Om als werkgever een dergelijk concurrentiebeding op te kunnen nemen in een arbeidsovereenkomst moet dit beding voldoen aan de voortvloeiende eisen van redelijkheid en billijkheid. Een opgenomen concurrentiebeding voldoet hier niet aan wanneer dit de werknemer onredelijk benadeelt in verhouding tot het te beschermen belang van de werkgever. Hiervan is bijvoorbeeld sprake wanneer in het beding staat dat de werknemer na het beëindigen van de arbeidsovereenkomst zijn hele leven lang niet bij een gelijksoortig bedrijf mag werken. Het concurrentiebeding moet concreet beschrijven hoe lang een werknemer geen concurrerende werkzaamheden in een bepaalde regio of land mag uitvoeren, waarbij het moet voldoen aan de eisen van redelijkheid en billijkheid. Wanneer een concurrentiebeding onredelijk bezwarend is, kan de rechter het beding gedeeltelijk of geheel vernietigen. Het Gerechtshof Amsterdam oordeelde op 16 februari 2021 in een uitspraak dat een concurrentiebeding dient tot het beschermen van het bedrijfsdebiet van een werkgever en niet tot het binden van werknemers. Wanneer een concurrentiebeding een werknemer dusdanig belemmert in het uitvoeren van concurrerende werkzaamheden, kan de rechter bepalen dat de werkgever aan werknemer een vergoeding moet betalen voor de duur van het concurrentiebeding. De rechter stelt de hoogte van deze vergoeding met het oog op de gegeven omstandigheden naar billijkheid vast. Deze vergoeding wordt niet toegekend wanneer de arbeidsovereenkomst wegens ernstig verwijtbaar handelen of nalaten van de werknemer wordt beëindigd of niet wordt voortgezet.

Verwijtbaar handelen

Een werkgever kan zich niet beroepen op een concurrentiebeding wanneer het eindigen of niet voortzetten van de arbeidsovereenkomst het gevolg is van ernstig verwijtbaar handelen of nalaten van de werkgever. Hier is bijvoorbeeld sprake van wanneer de situatie op de werkvloer dusdanig onveilig is dat het voortzetten van de arbeidsovereenkomst niet van de werknemer gevergd kan worden. Een beroep op het concurrentiebeding door de werkgever houdt in deze situatie geen stand in de rechtszaal. 
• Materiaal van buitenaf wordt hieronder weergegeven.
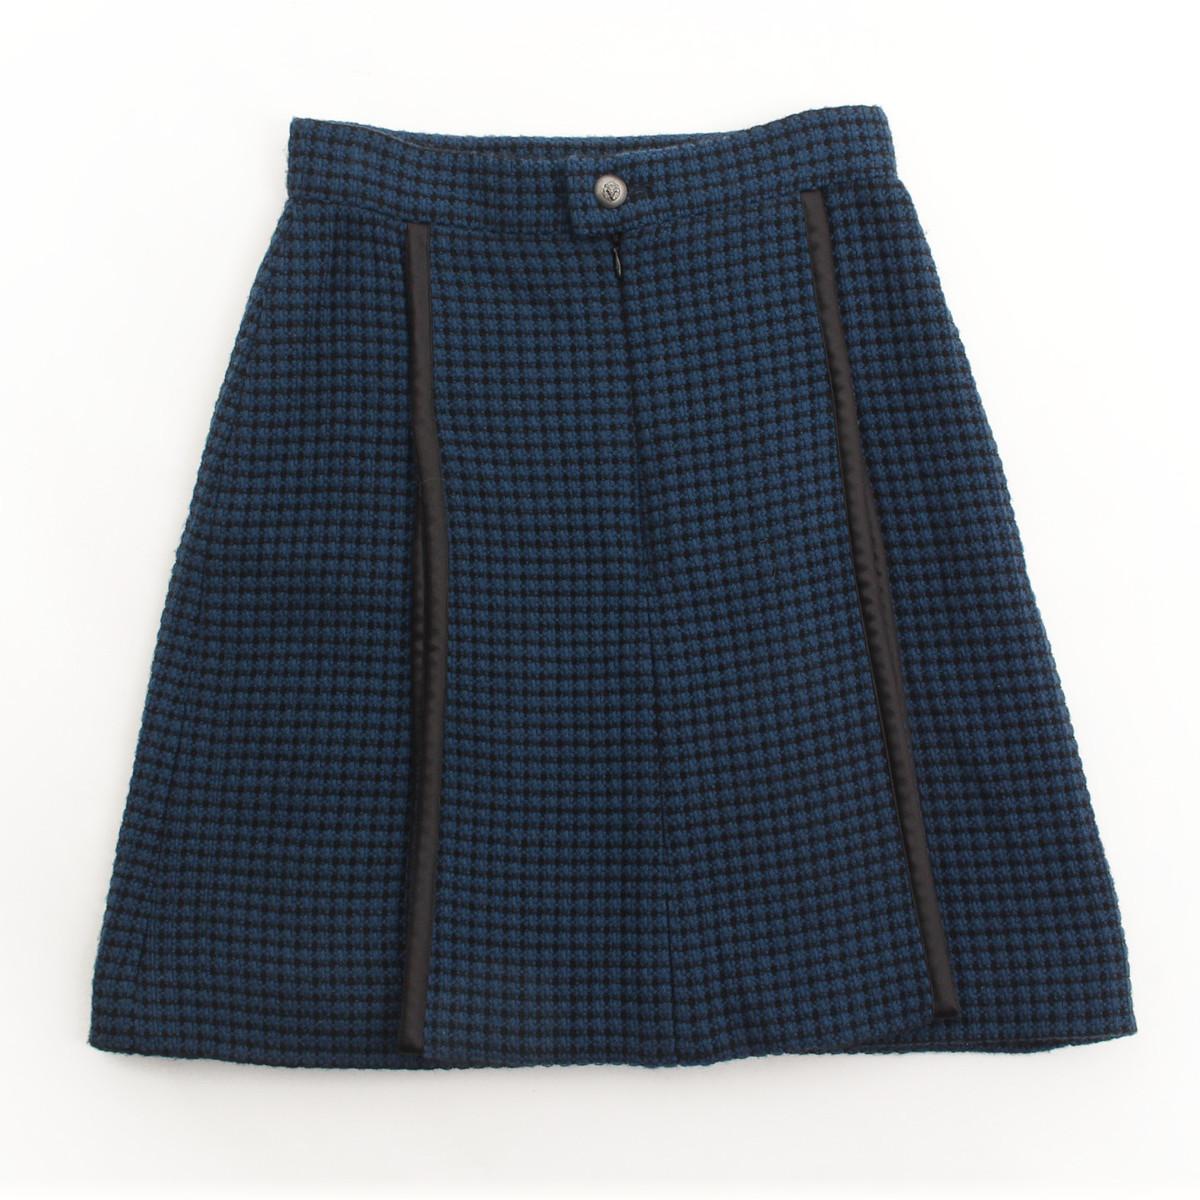 【シャネル】Chanel 08A ツイード ライオンボタン スカート ブルー 36 【中古】【鑑定済・正規品保証】【送料無料】31763

Onrechtmatige concurrentie zonder concurrentiebeding

Een werkgever neemt niet altijd een concurrentiebeding op in de arbeidsovereenkomsten met werknemers. Een werknemer staat daardoor in principe vrij in het uitvoeren van concurrerende werkzaamheden. Echter, er is  soms sprake van onrechtmatige concurrentie, terwijl geen concurrentiebeding is opgenomen. Uit het arrest Boogaard/Vesta HR 9 december 1955, NJ 1956/157  blijkt dat er van onrechtmatige concurrentie pas sprake is wanneer een voormalig werknemer gebruik maakt van kennis en gegevens omtrent klanten, opgedaan bij de voormalige werkgever, waarmee hij substantieel en stelselmatig duurzaam handelsdebiet van de voormalige werkgever afbreekt. Wanneer hier sprake van is, dient de werknemer op grond van onrechtmatige daad een schadevergoeding te betalen aan de werkgever. Tegenwoordig toetsen rechters nog steeds aan de voorwaarden uit het arrest Boogaard/Vesta wanneer geen concurrentiebeding is opgenomen. Ondanks dat arbeidsovereenkomsten niet altijd een concurrentiebeding bevatten, kan er dus wel degelijk sprake zijn van onrechtmatige concurrentie.